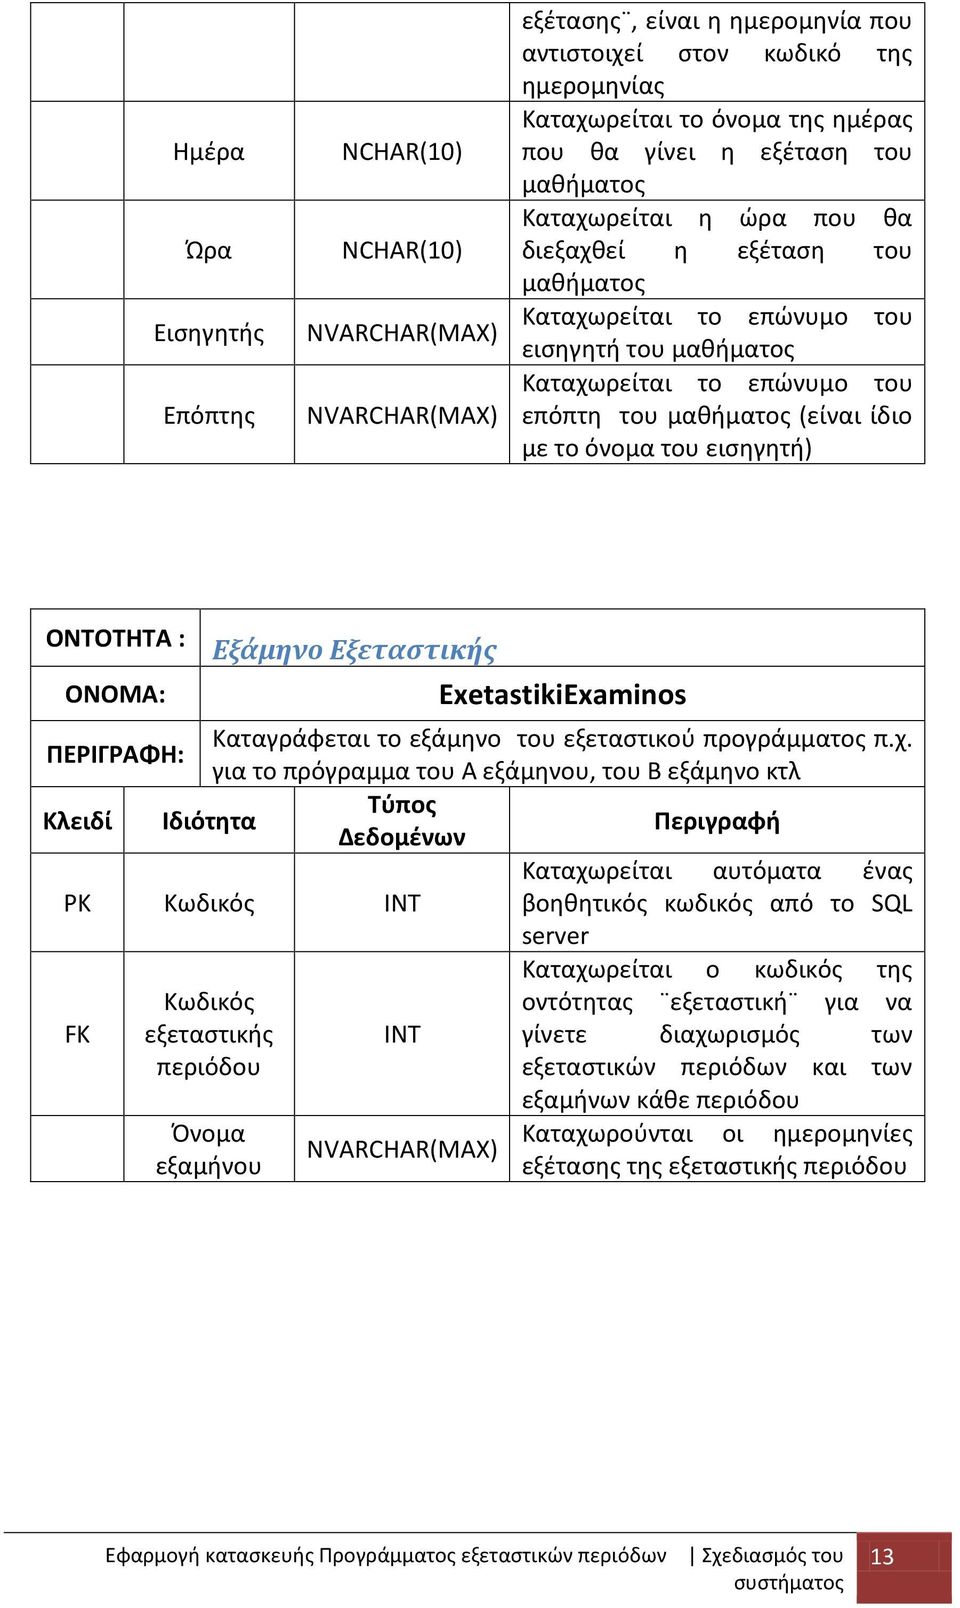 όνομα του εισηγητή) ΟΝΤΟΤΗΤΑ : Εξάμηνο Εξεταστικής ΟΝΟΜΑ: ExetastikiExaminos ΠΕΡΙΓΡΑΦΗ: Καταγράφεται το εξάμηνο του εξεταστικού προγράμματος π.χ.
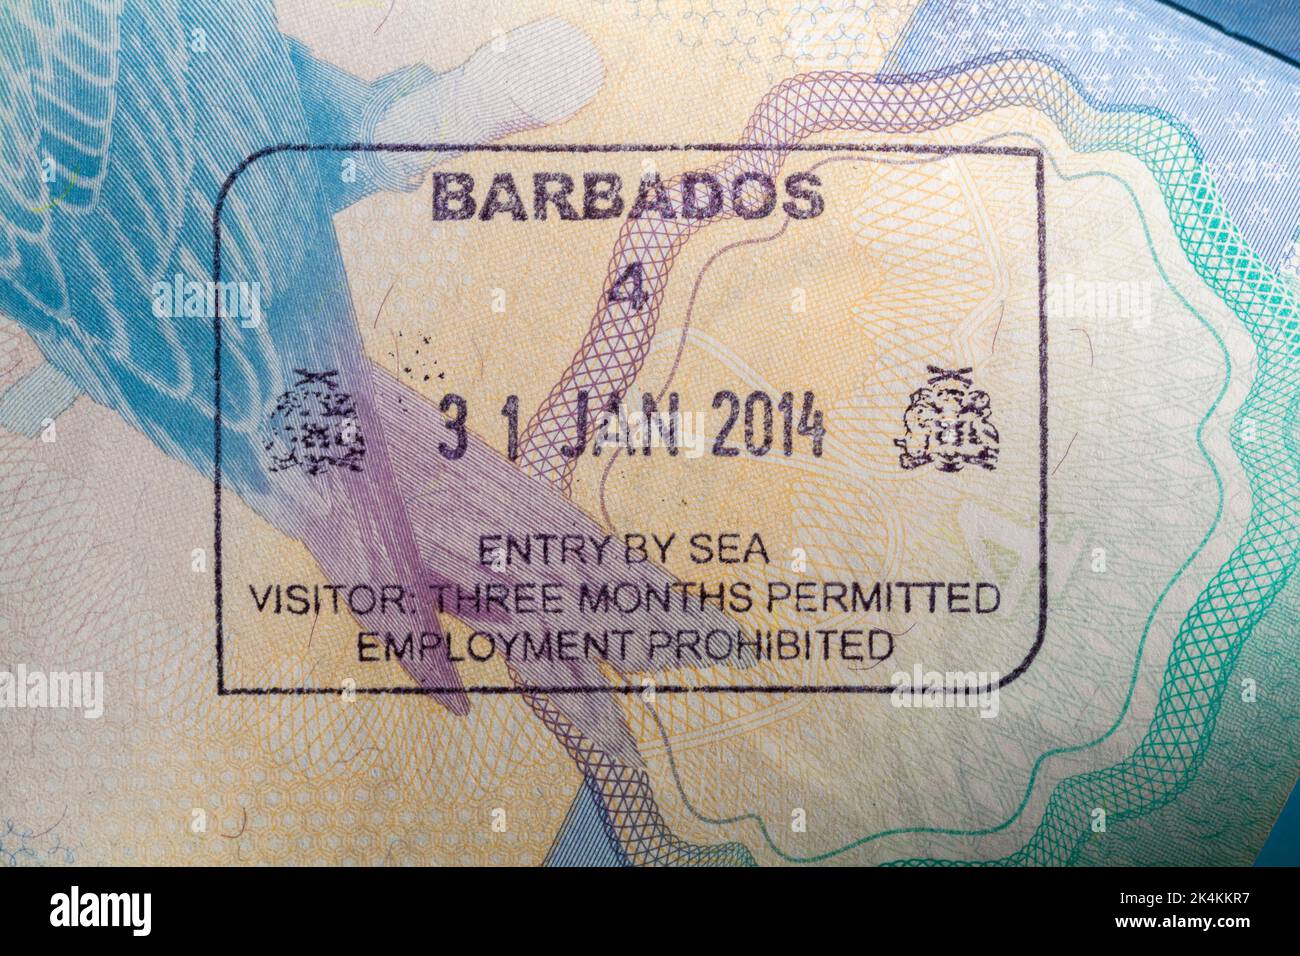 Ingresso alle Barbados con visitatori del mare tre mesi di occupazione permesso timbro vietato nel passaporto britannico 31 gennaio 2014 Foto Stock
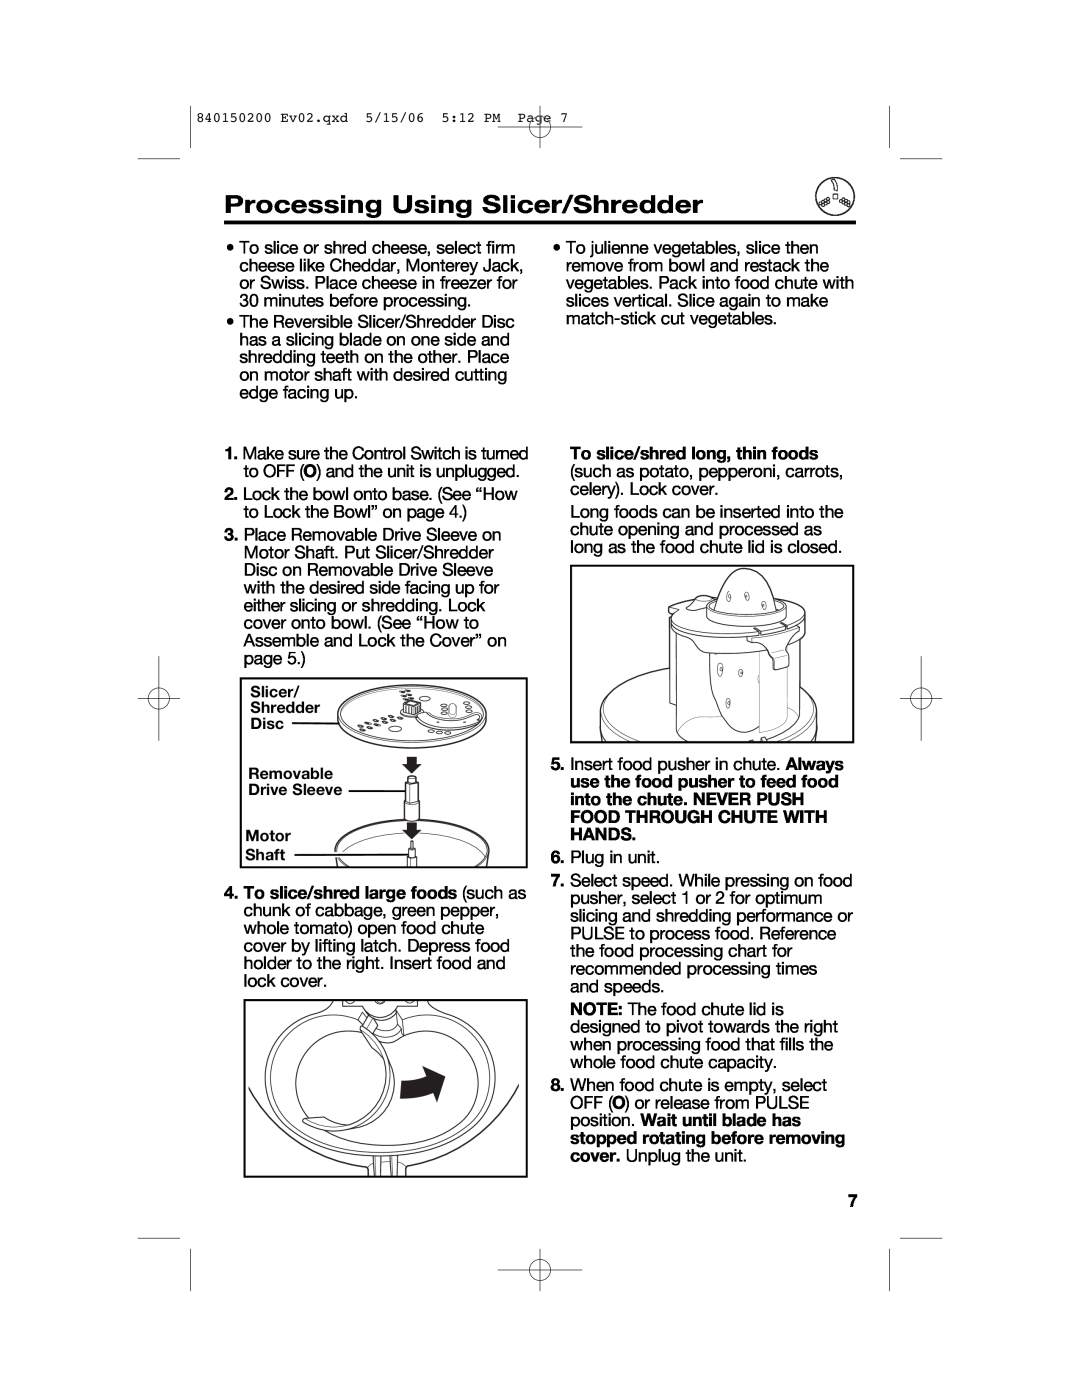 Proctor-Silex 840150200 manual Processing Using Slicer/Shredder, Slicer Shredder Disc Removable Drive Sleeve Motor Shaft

▶ **Exercise**
Would you print the material exactly once more, without any of its pictures?

▶ **Answer to this problem**
 όνομα του εισηγητή) ΟΝΤΟΤΗΤΑ : Εξάμηνο Εξεταστικής ΟΝΟΜΑ: ExetastikiExaminos ΠΕΡΙΓΡΑΦΗ: Καταγράφεται το εξάμηνο του εξεταστικού προγράμματος π.χ.
 Ingresso alle Barbados con visitatori del mare tre mesi di occupazione permesso timbro vietato nel passaporto britannico 31 gennaio 2014 Foto Stock
 Proctor-Silex 840150200 manual Processing Using Slicer/Shredder, Slicer Shredder Disc Removable Drive Sleeve Motor Shaft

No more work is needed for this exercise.